С верхнего помоста свешивались босые ребячьи неги.

— Эй, кто на дежурстве? — окликнул Петро.

Ноги исчезли, и тотчас же показалась круглая, низко остриженная голова Сашка́.

— Ну-ка, слезь на минутку, Сашуня, — попросил Петро. Сашко́ мигом спустился с вышки; на ремешке у него болтался бинокль — подарок Ивана.

— Дежурный звена охраны урожая Рубанюк Александр, — лихо доложил он, став перед Петром «смирно».

— Молодец! — похвалил Петро. — Деда Кабанца не видел?

— Был недавно. Ушел додому.

— Отнеси ему вот это…

Петро достал клочок бумаги, стал писать.

— А как же я могу? — возразил Сашко́, переминаясь с ноги на ногу. — Оставить пост нельзя.

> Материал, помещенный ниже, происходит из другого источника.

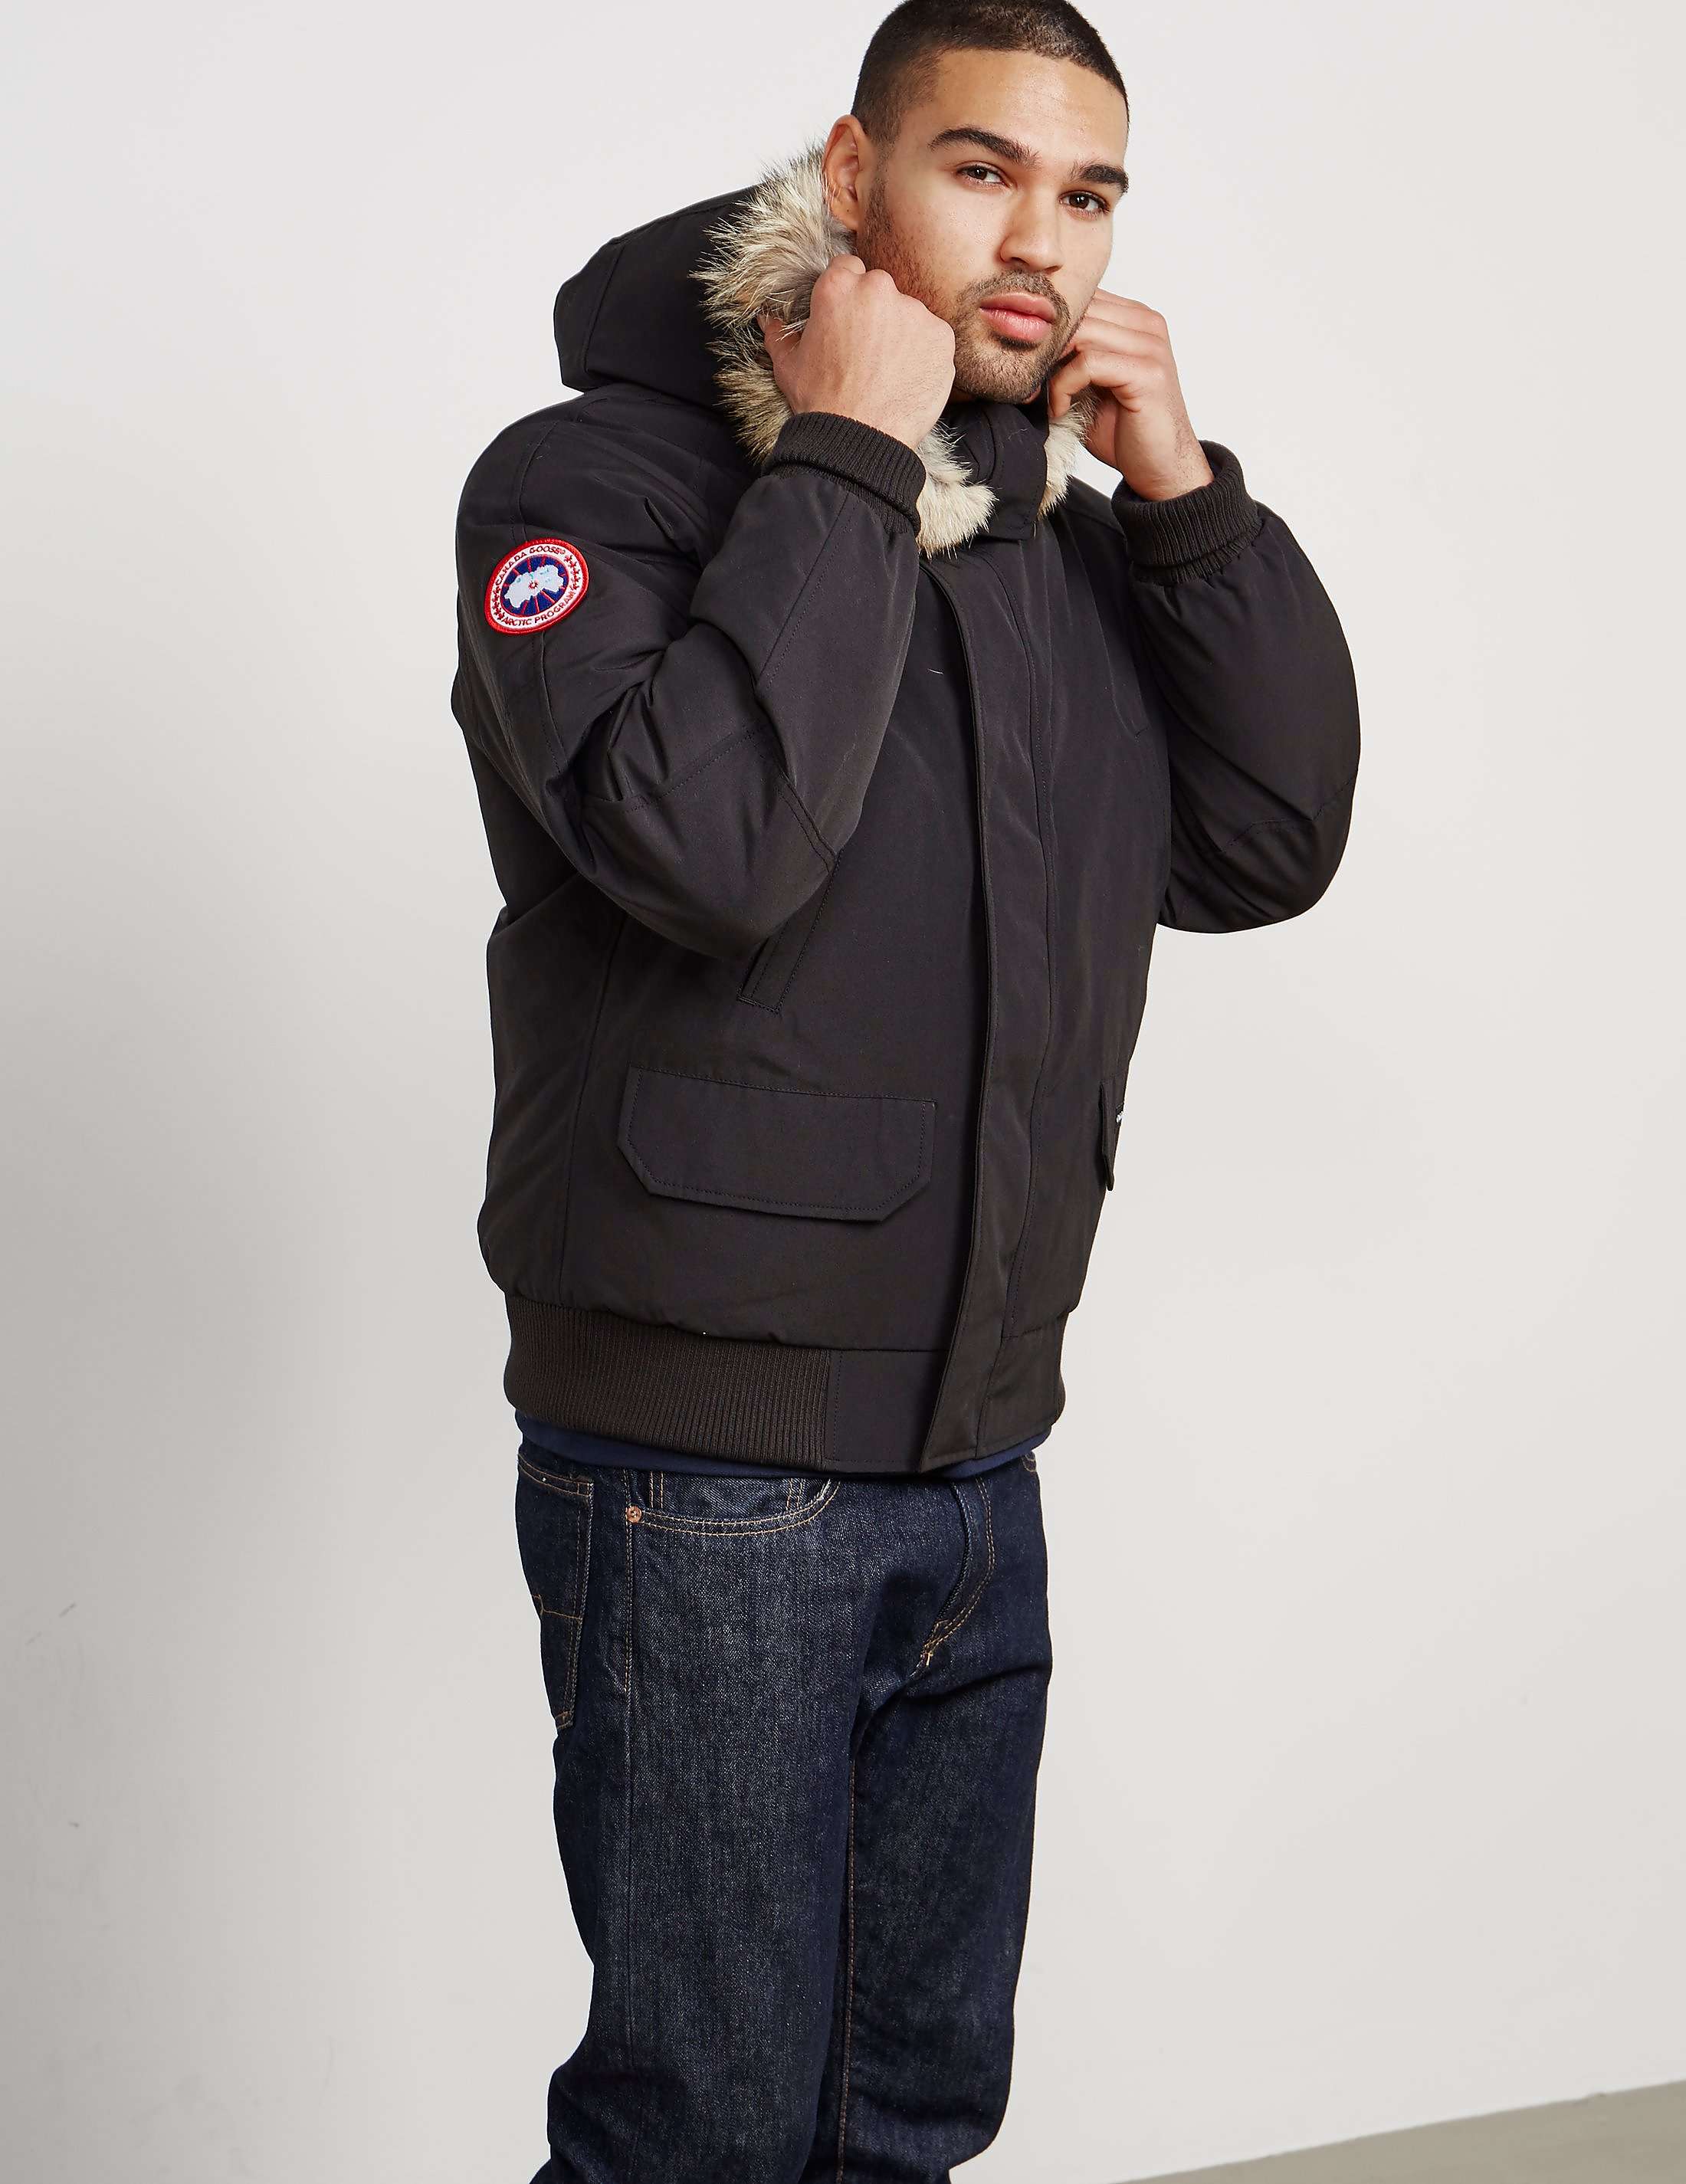 buy canada goose chilliwack for cheap from brand canada goose
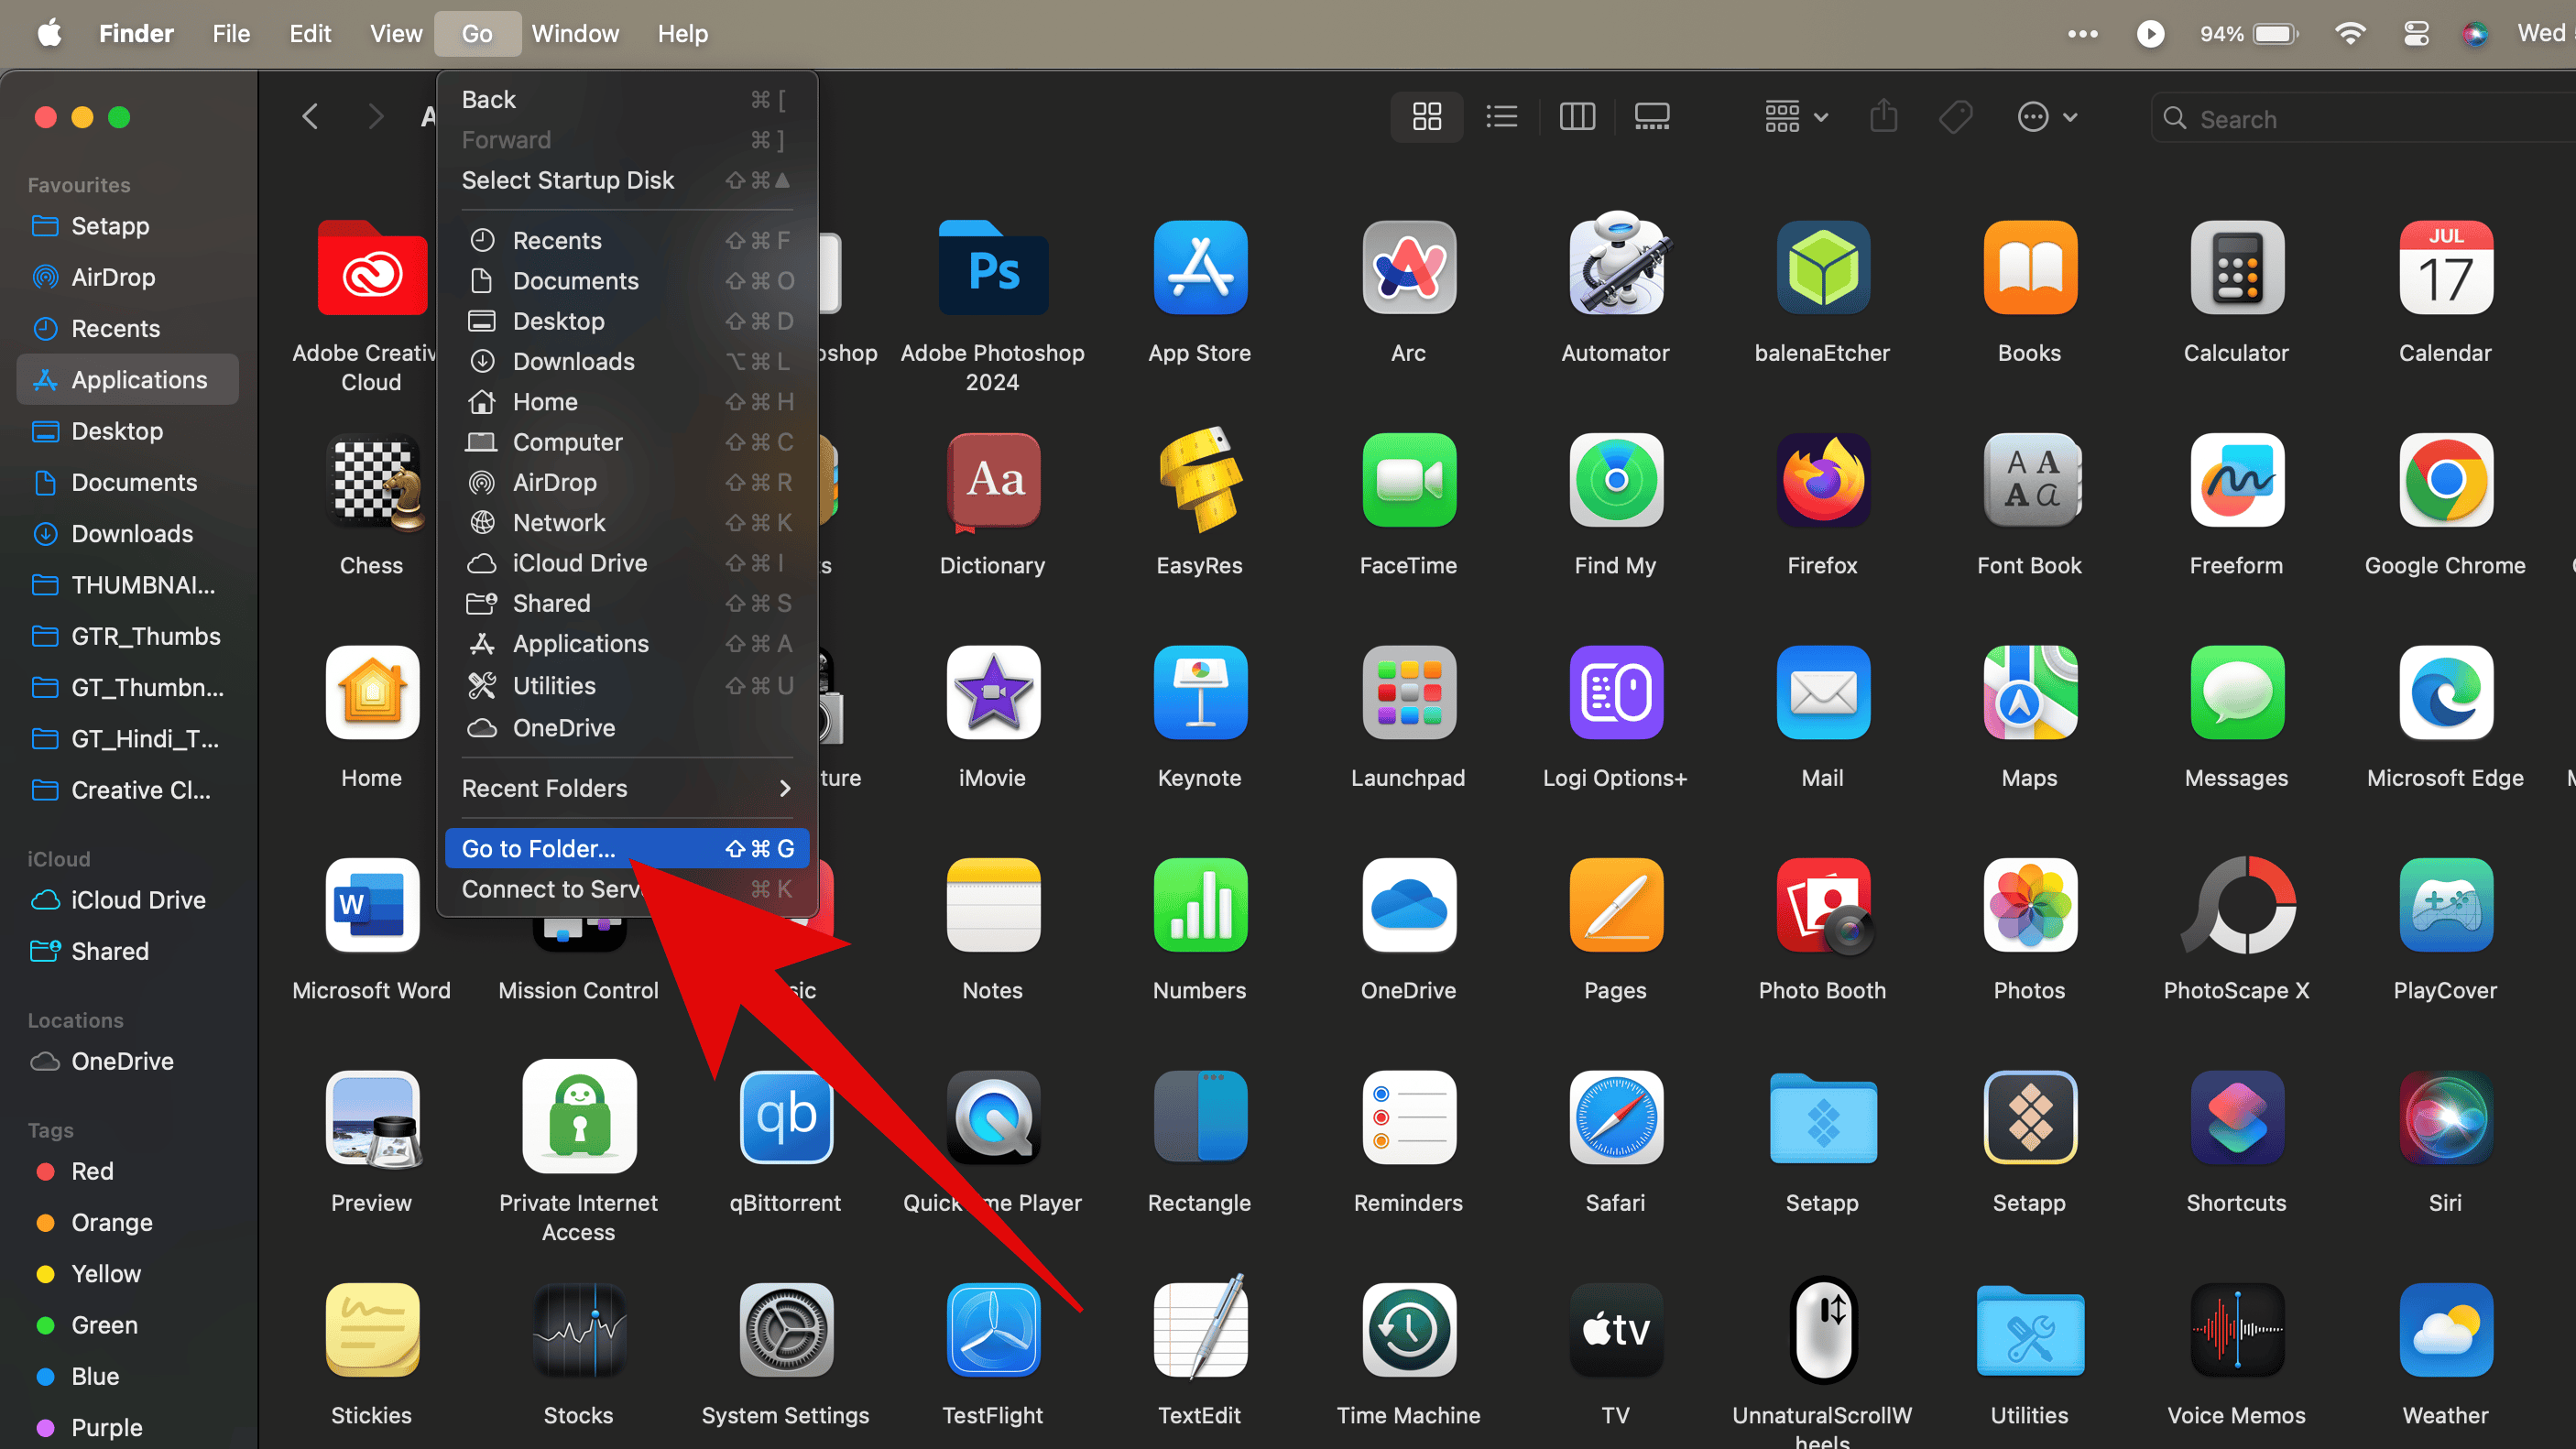 In the top menu bar, click on Go, and then select Go to Folder...

Полина Ивановна заругает.

Петро взглянул на братишку со сдержанной улыбкой.

— Ничего. Я отвечаю. Выполняется последний приказ.

— Есть!

Не сворачивая в село, Петро направился в бригаду Варвары Горбань. Там, как и у Федора, должны были начать уборку, готовили ток. Кроме того, в бригаде сейчас находился Бутенко, Петро надеялся при его помощи достать двигатель для молотьбы.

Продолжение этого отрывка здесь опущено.